# [WHAT TO WORK ON]
Please return the listing exactly as written, but without its pictures.

# [DATASET EXTRACT]
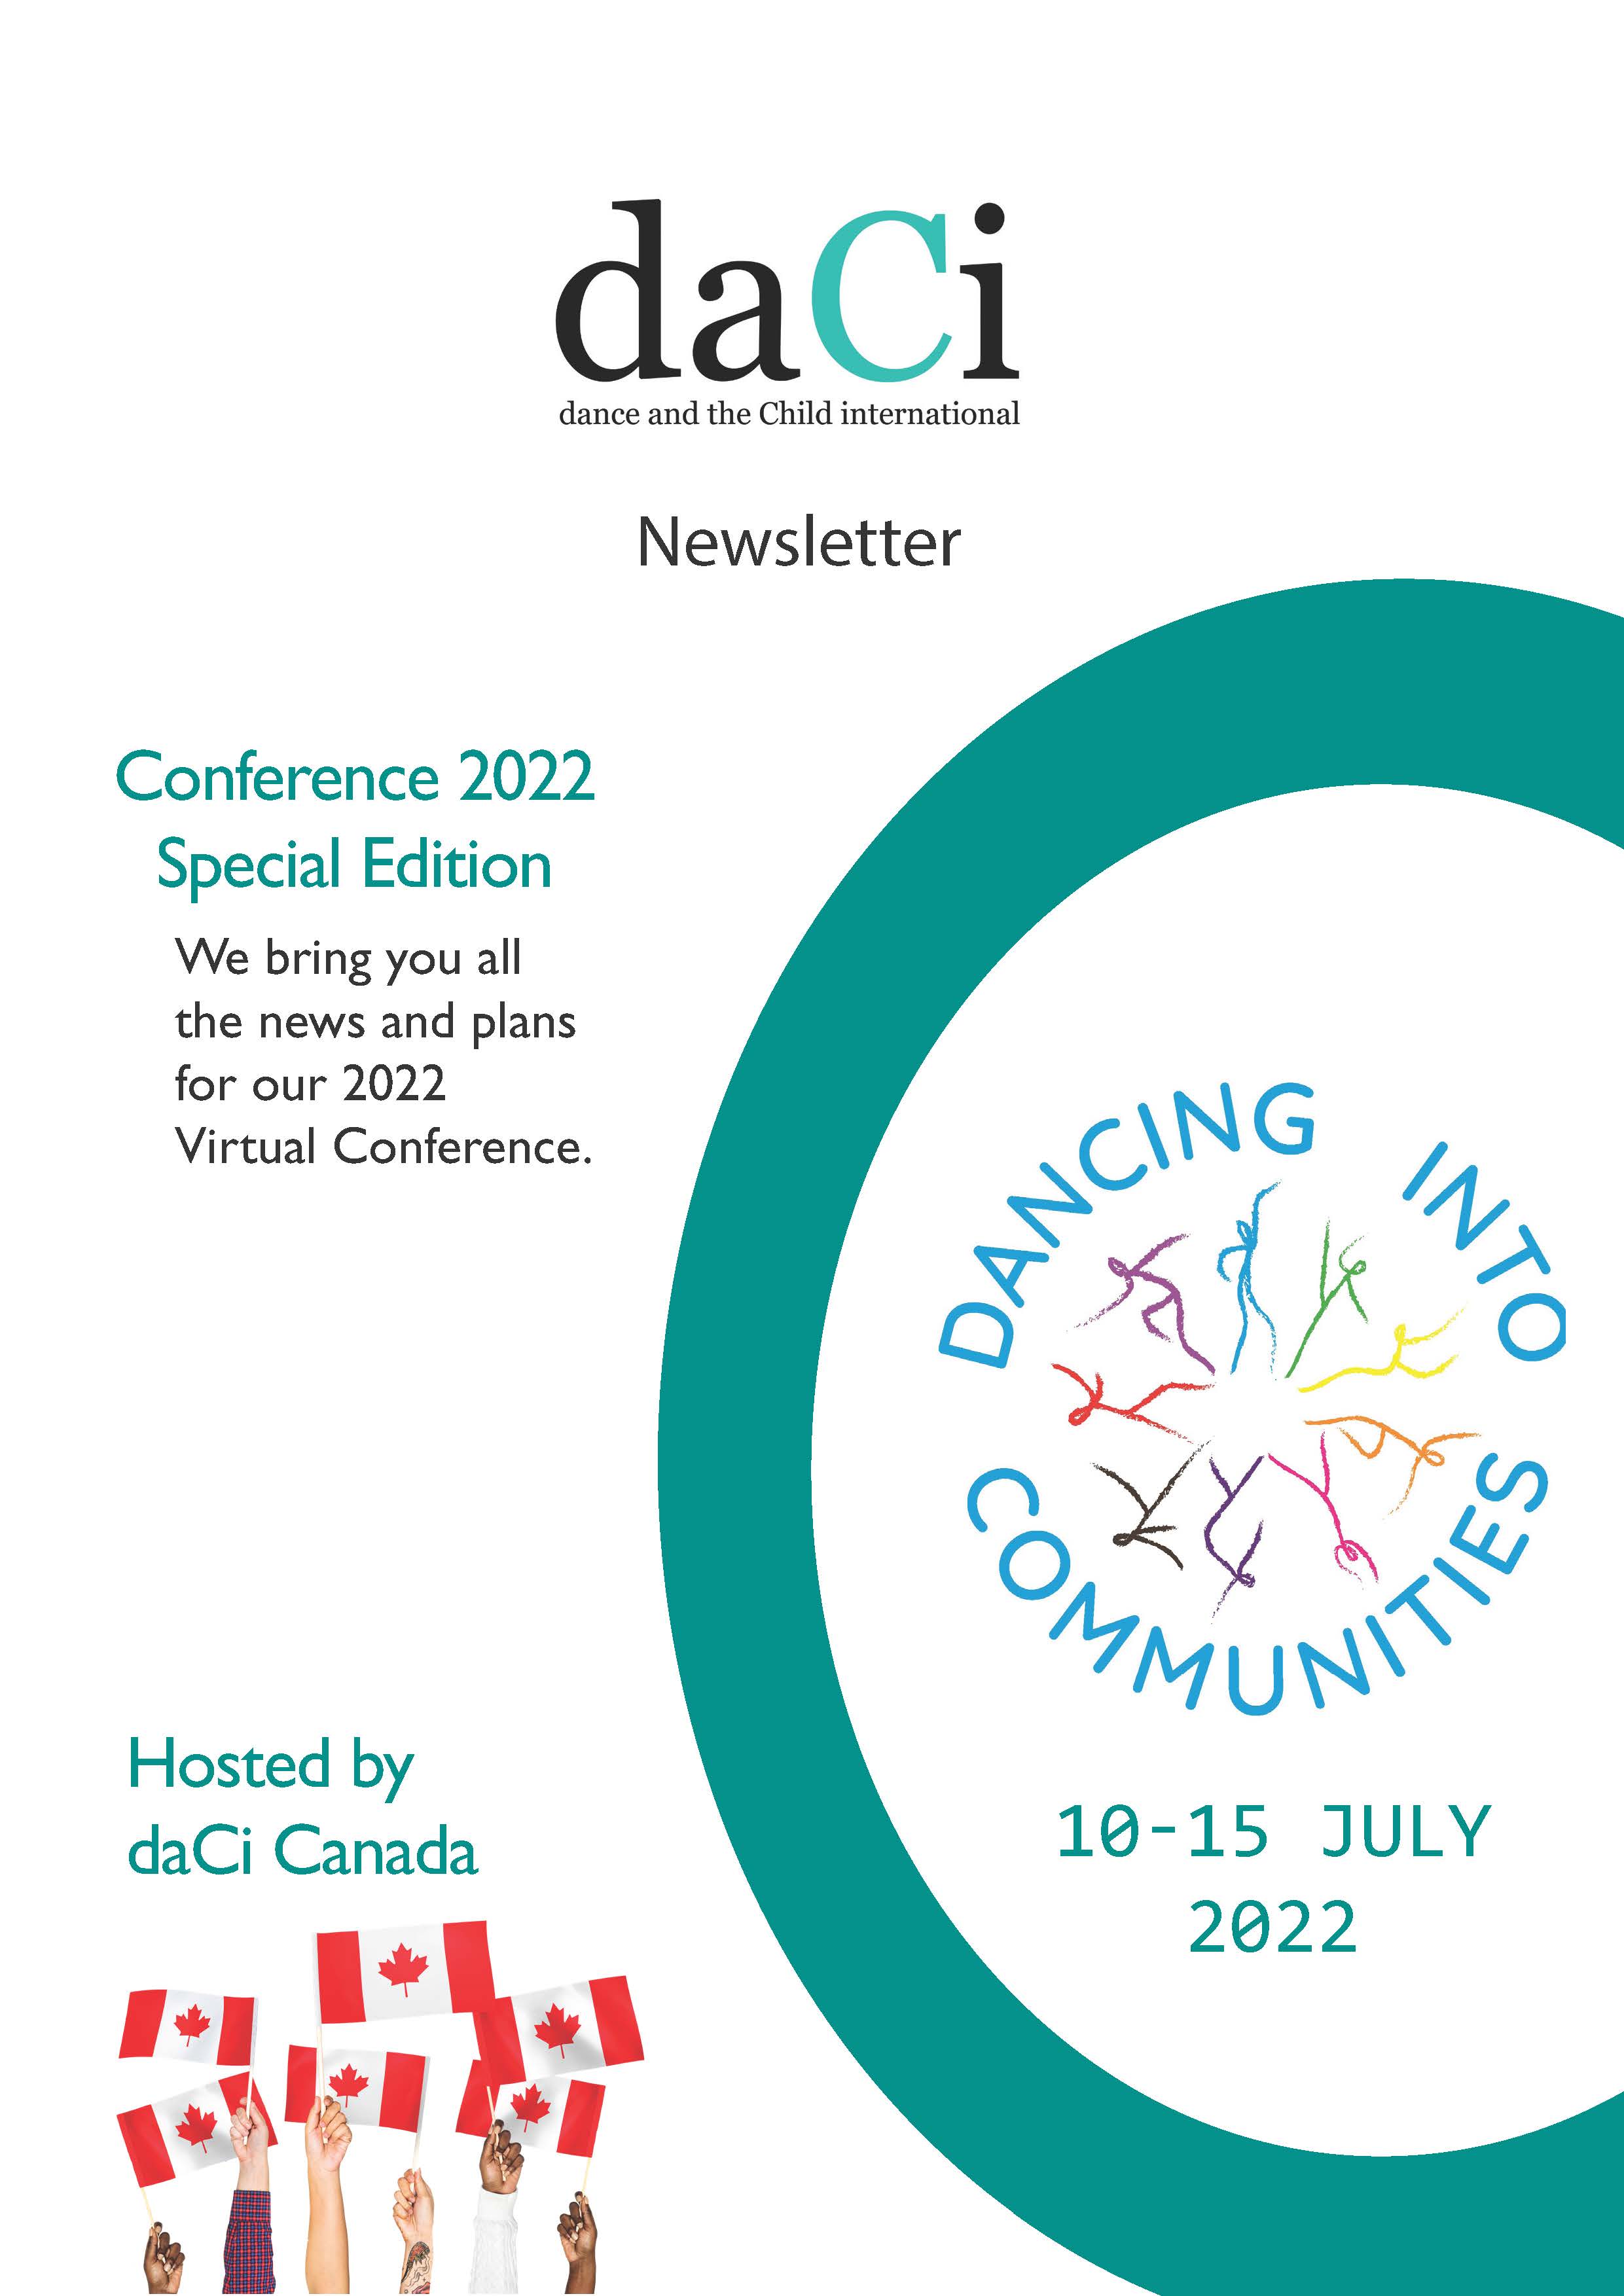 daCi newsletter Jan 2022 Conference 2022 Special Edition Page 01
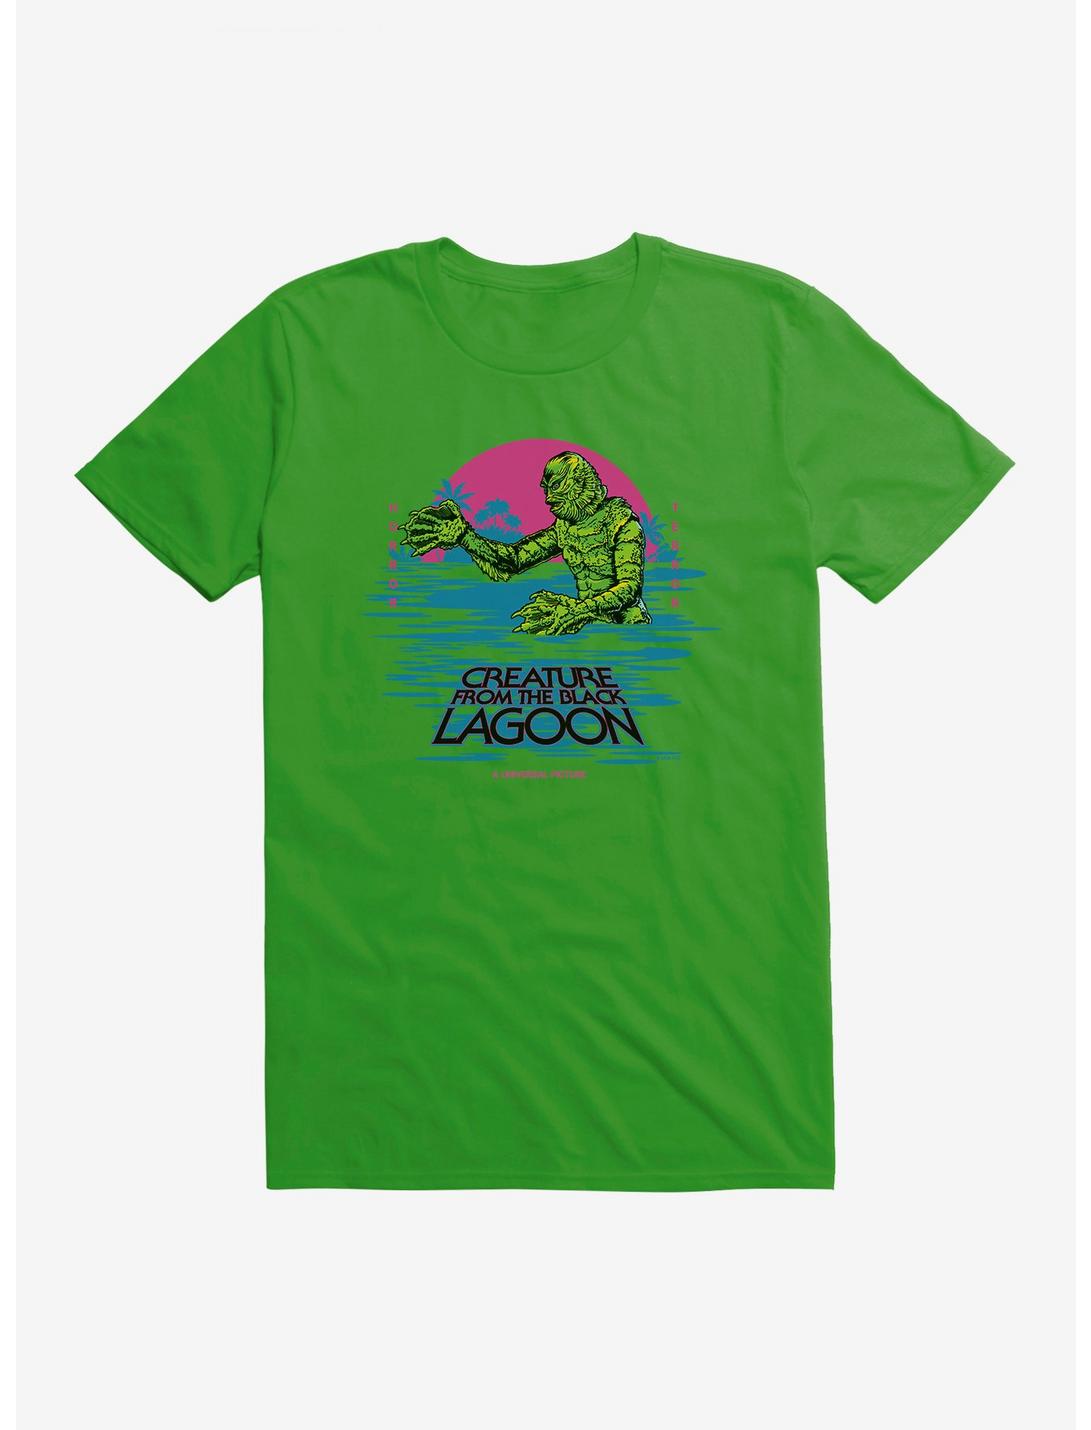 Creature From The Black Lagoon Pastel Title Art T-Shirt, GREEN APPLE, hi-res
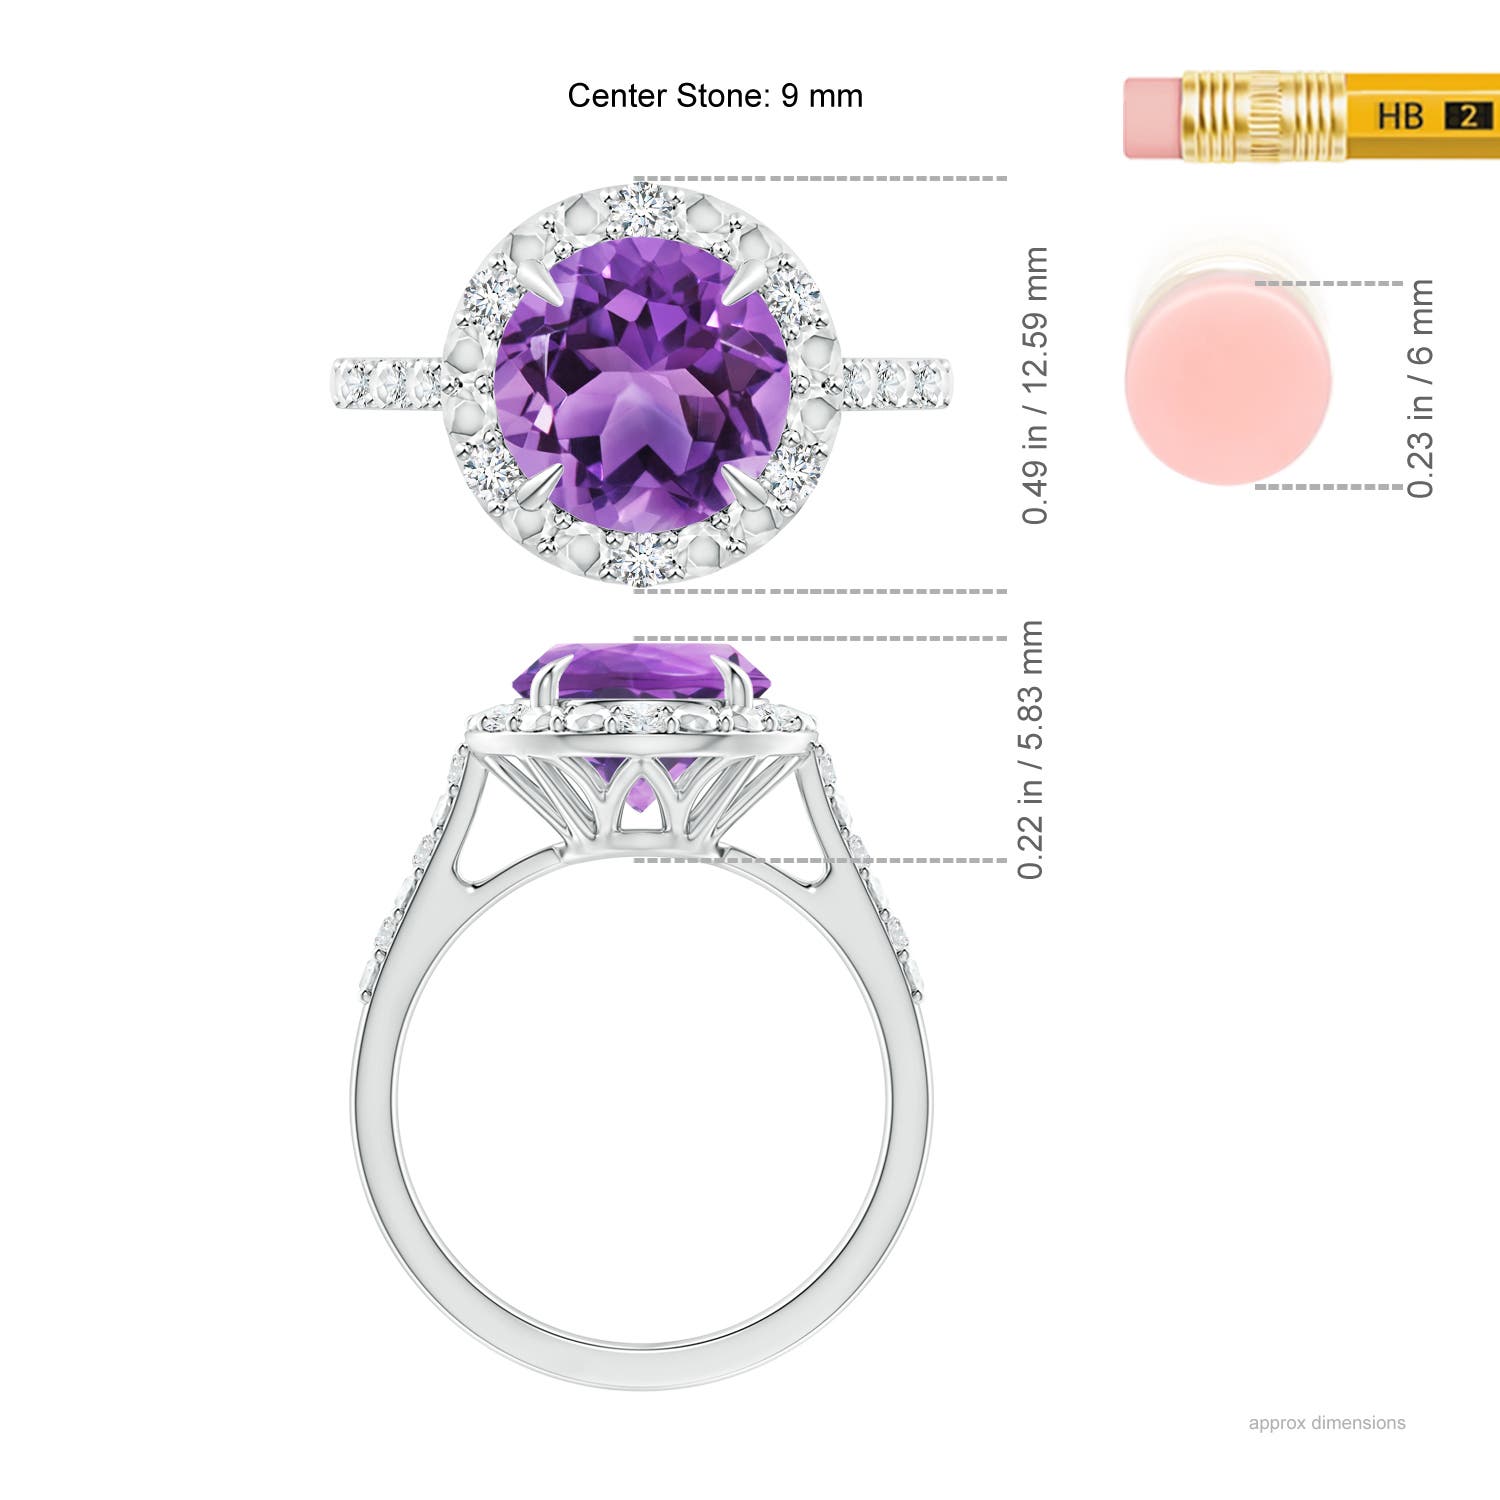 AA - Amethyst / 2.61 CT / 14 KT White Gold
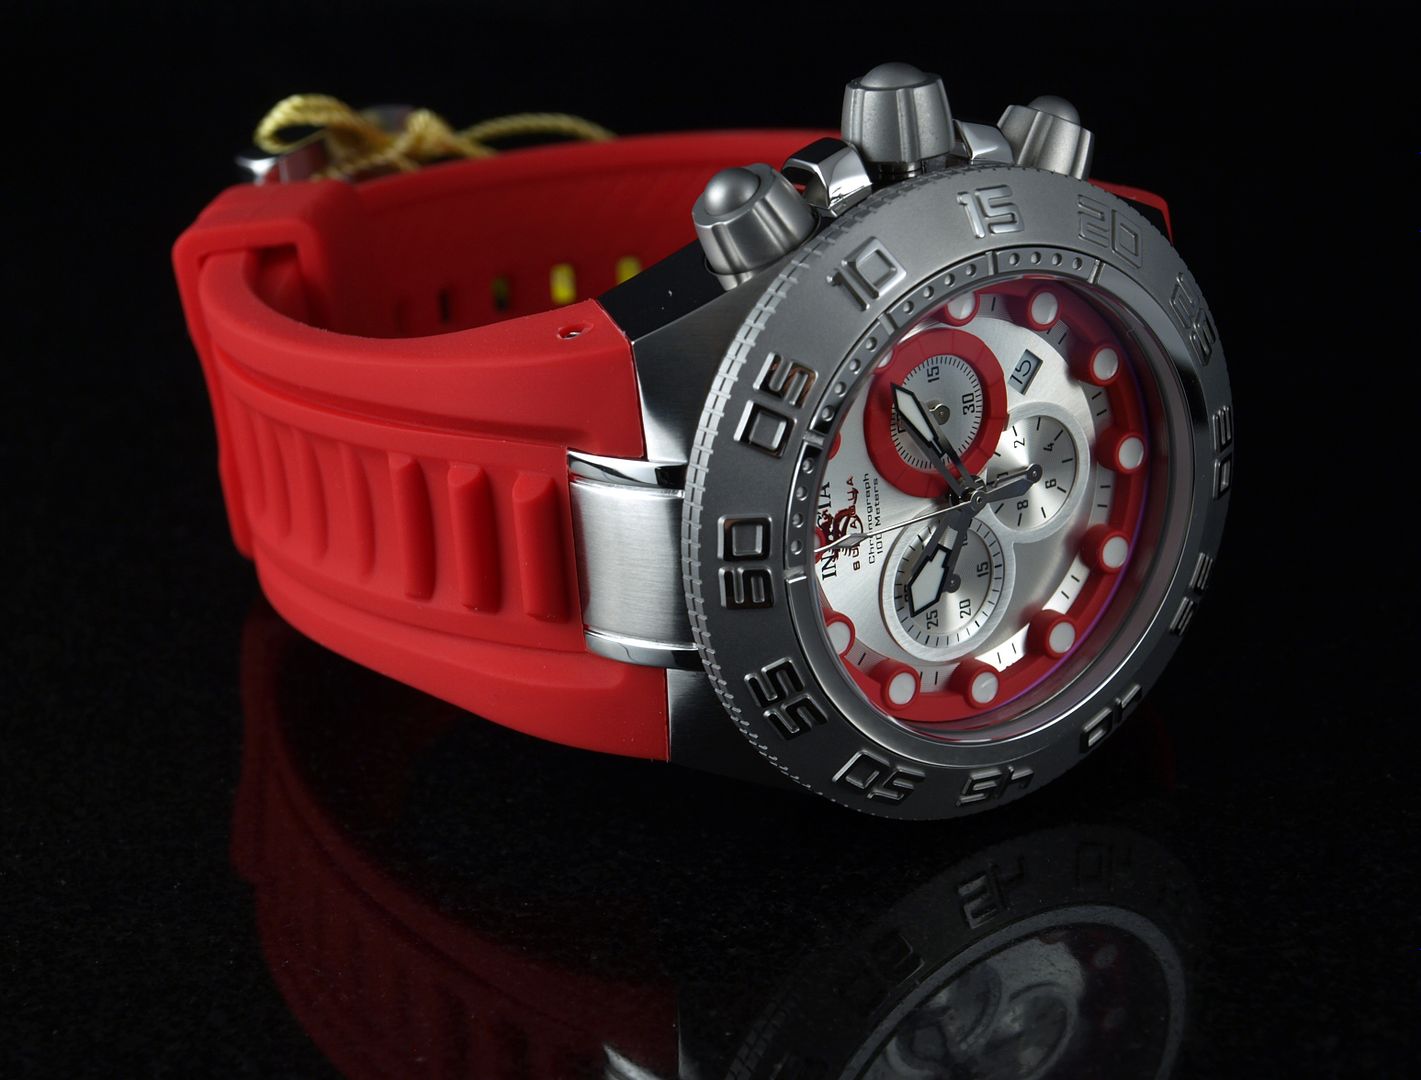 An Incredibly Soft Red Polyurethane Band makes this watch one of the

# [WRITTEN REPLY]
 daCi newsletter Jan 2022 Conference 2022 Special Edition Page 01
 Creature From The Black Lagoon Pastel Title Art T-Shirt, GREEN APPLE, hi-res
 AA - Amethyst / 2.61 CT / 14 KT White Gold
 An Incredibly Soft Red Polyurethane Band makes this watch one of the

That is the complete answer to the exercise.